I look over the top 100. The largest company in the world,
Wal-Mart, is not even in the top 100. I mean, there is a real
fallacy and a breakdown in this argument that somehow you have
to be compensated millions and millions of dollars regardless
of the performance of the company in order to have a good
company. The facts do not bear that out.
Senator Lautenberg. There is a mythology out there. In
order to have a decent CEO. You look at the brown company,
United Parcel, and see, they have got a CEO there that has come
out of the worker ranks. I am not advocating that the CEO must
come from the worker ranks, but the fact is that there is a
very modest compensation package there for a huge company, and
lots of companies do it.
My old company, with its $1.1 billion of profit after tax,
probably paid with any bonuses, etcetera, about $15 million to
the CEO. The fact that he was hand-picked by me 20 years ago--
he was the number two guy. But that is the way we regard the
company as having an obligation to its shareholders. We try to
make it very clear what it is about what we are doing.

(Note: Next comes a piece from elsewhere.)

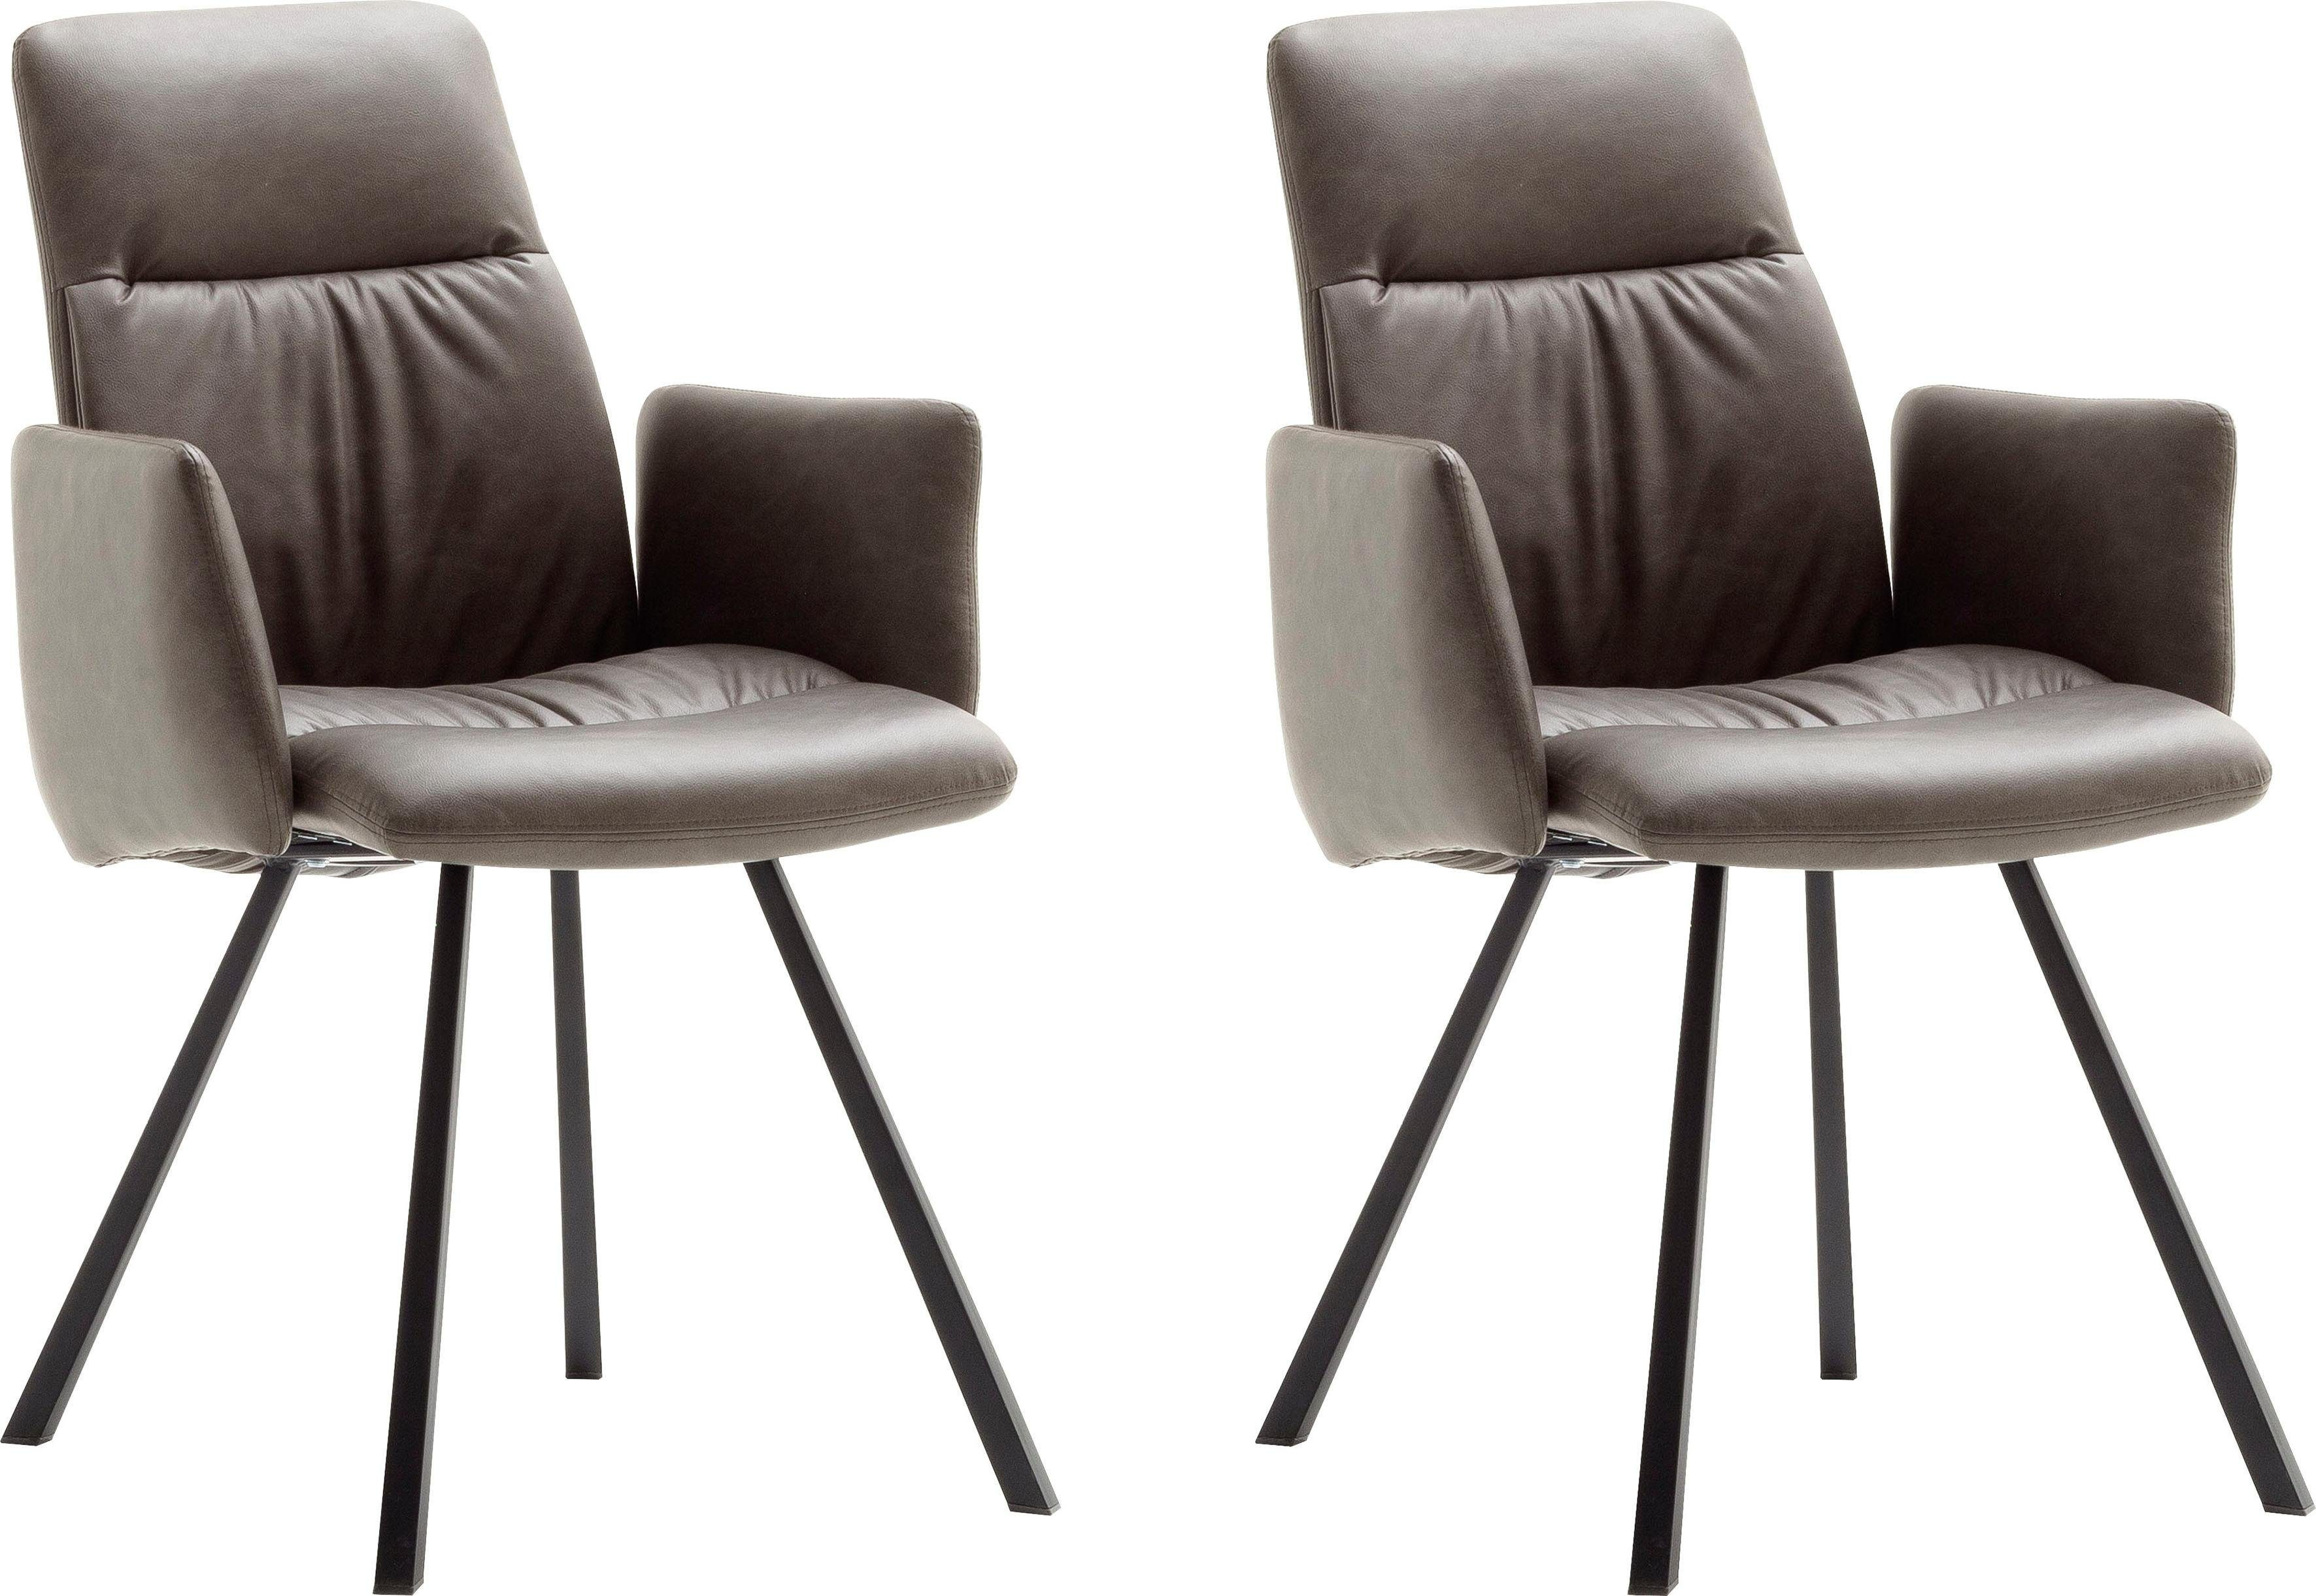 MCA furniture 4 Fußstuhl »Oxford« 2er Set, Stuhl belastbar bis 120 Kg online kaufen   OTTO

Now, if you look at the proxy statements, you can hardly
wade your way through it. You cannot get enough people to
understand what it is they are looking at to want to be excited
about voting their proxy. It is not beguiling, there is no
interest at all there.
Mr. Clapman, you must have views on these things, or Mr.
Silvers, about what ought to be in a proxy statement beside the
very strict recitation of what the expenses are and what they
are going to be?
Mr. Clapman. Well, in my written comments, Senator
Lautenberg, I indicated that current disclosure rules are
inadequate to really understand fully about executive
compensation. We are partly an insurance company and when we
look at the what is called supplemental employee retirement
whatever--SERP's is the acronym for them--and try to value
them, even with actuaries we cannot do it.
It took a divorce proceeding to disclose fully the Jack
Welch retirement package. It was not disclosed in any proxy
statement, which I guess shows the benefit of long-term
marriages to avoid having that problem to deal with.
Senator Lautenberg. A deferred expense.
Mr. Clapman. But I agree fully with your point that
disclosure is inadequate. In fact, you raised an earlier
accounting issue which, just to make a brief reply to:
Institutional investors have a pretty sophisticated investment
analysis process. We do all our own investment management. We
do not hire outside managers. We look at, ``pro forma
earnings'' or reported earnings with great skepticism in terms
of how we value stocks. We have our own methodologies for all
of that, and that is a commentary on the state of disclosure in
general at the present time, and it is something clearly the
SEC has got to address.
It is a problem in executive compensation, but it is a
problem in the much broader securities analysis area as well.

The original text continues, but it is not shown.